Provokant proposal: If the PR-Status of exclC14n allows this (substantial) 
change, I want to propagate to canonicalize document subsets as follows:

  "If a document subset is to be canonicalized using 'Exclusive C14n',
   all namespace nodes in the original document are included in the
   document subset prior the serialization process; this inclusion is
   done regardless whether a namespace node is already in the subset
   or if it's excluded from the subset."

After that 'pre-processing', the exclusive c14n process is started with the 
following change: All passages in the text which refer to namespace nodes 
which are not in the document subset can be omitted.
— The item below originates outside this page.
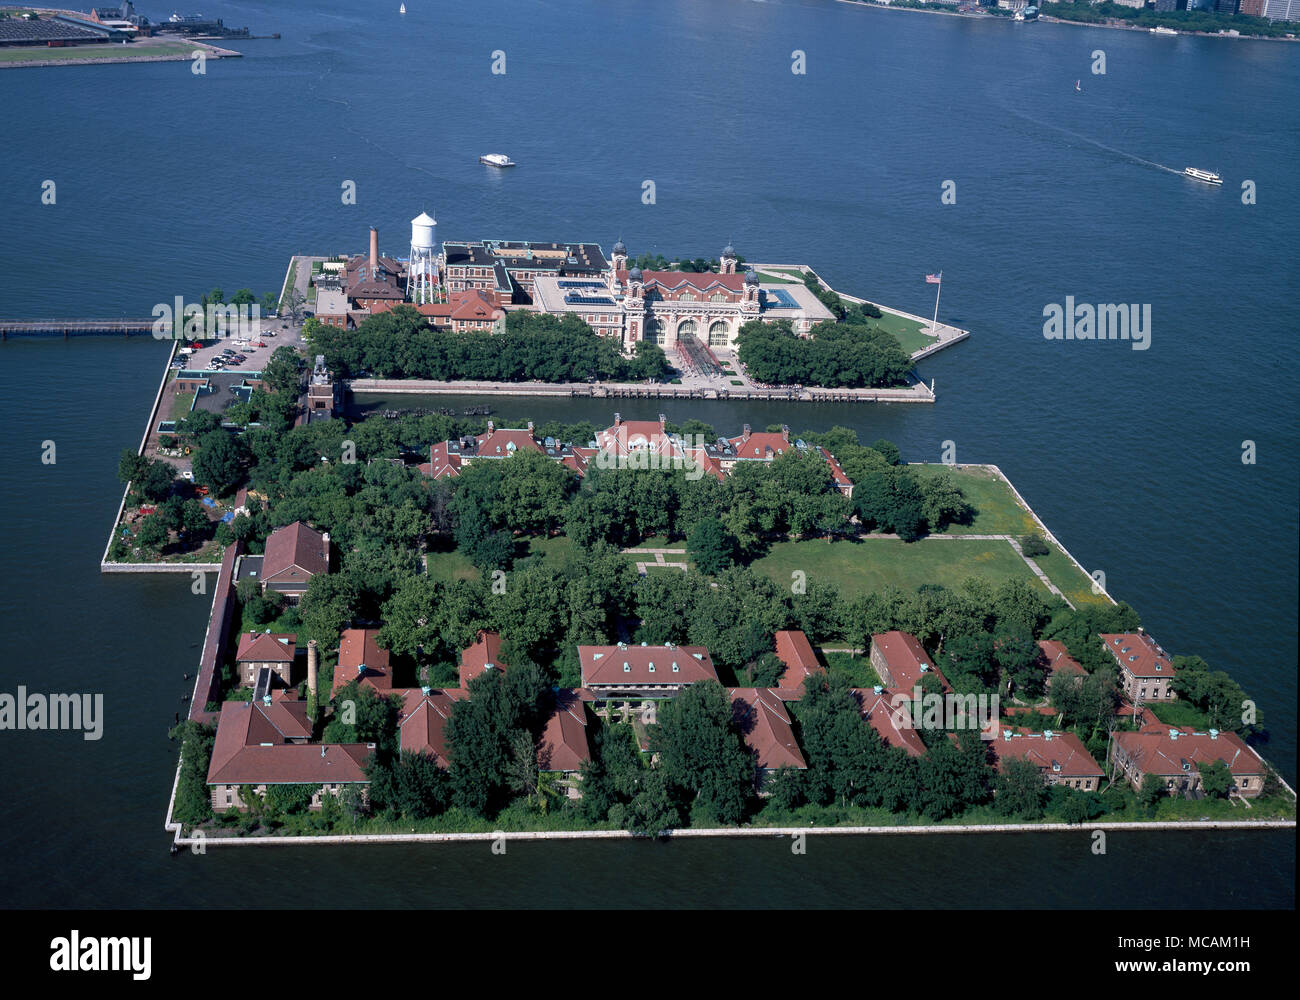 Ellis Island, in Upper New York Bay, was the gateway for millions of immigrants to the United States as the nation's busiest immigrant inspection station from 1892 until 1954. The island was greatly expanded with land reclamation between 1892 and 1934. Before that, the much smaller original island was the site of Fort Gibson and later a naval magazine. The island was made part of the Statue of Liberty National Monument in 1965, and has hosted a museum of immigration since 1990. Long considered part of New York, a 1998 United States Supreme Court decision found that most of the island is in New Stock Photo

Why do I suggest that: For standard c14n, it was necessary to be able to 
omit namespace nodes from the document subset. For exclusive c14n, we have 
(1) the mechanism of the "InclusiveNamespaces PrefixList" and (2) the 
visibly-utilizes mechanism. I think that such a change will make exclusive 
c14n reliable and consistent (not consistent to the c14n REC but consistent 
to what c14n should really do).

I think canonicalization should serve two purposes:

 (1) create a bit-accurate representation of a document
     or document subset for use in cryptographic algorithms
     like a message digest

 (2) allow the verifier of a signature to take these signed
     octets and re-parse the octets to get back a
     "trusted" XML structure which can be reliably used in
     the application. This goes to "process-what-is-signed".
     But with the current processing model where namespaces
     can be excluded from the document subset, it's possible
     that a "reparse signed contents" step does encounter
     'illegal' XML.

I had no better word as 'illegal'. I know that it's possible that the 
signed contents are not well-formed, e.g. like this:

      <A /><B />

or like this

      foo text <A />

but these are problems which can be handled easily by "wrapping" the octets 
into a dummy root element. But if a namespace is used e.g. by an element 
but the namespace decl does not appear, this can't be handled in any way, 
and from the semantics point, it's even completely meaningless:

<foo:A>
   <foo:B xmlns:foo="http://foo" />
</foo:A>

In this case, the namespace is (maybe accidently?) omitted from the foo:A 
element, but what happens if we have such an input document:

<foo:Contract  xmlns:foo="http://companyA.com">
   <foo:Detail xmlns:foo="http://companyB.com" />
</foo:Contract>

and I choose a rogue document subset which results in

<foo:Contract  xmlns:foo="http://companyA.com">
   <foo:Detail />
</foo:Contract>

That's so bad; I think that the above proposal will stop that kind of 
cheating: foo:Detail visibly utilizes foo and so 
xmlns:foo="http://companyB.com" is output in the exclusive canonical form, 
regardless whether the XPath transform author did include it or not.



Kind regards,
hope that you all don't eat me alive for this ;-)

Christian

Received on Wednesday, 5 June 2002 03:54:09 UTC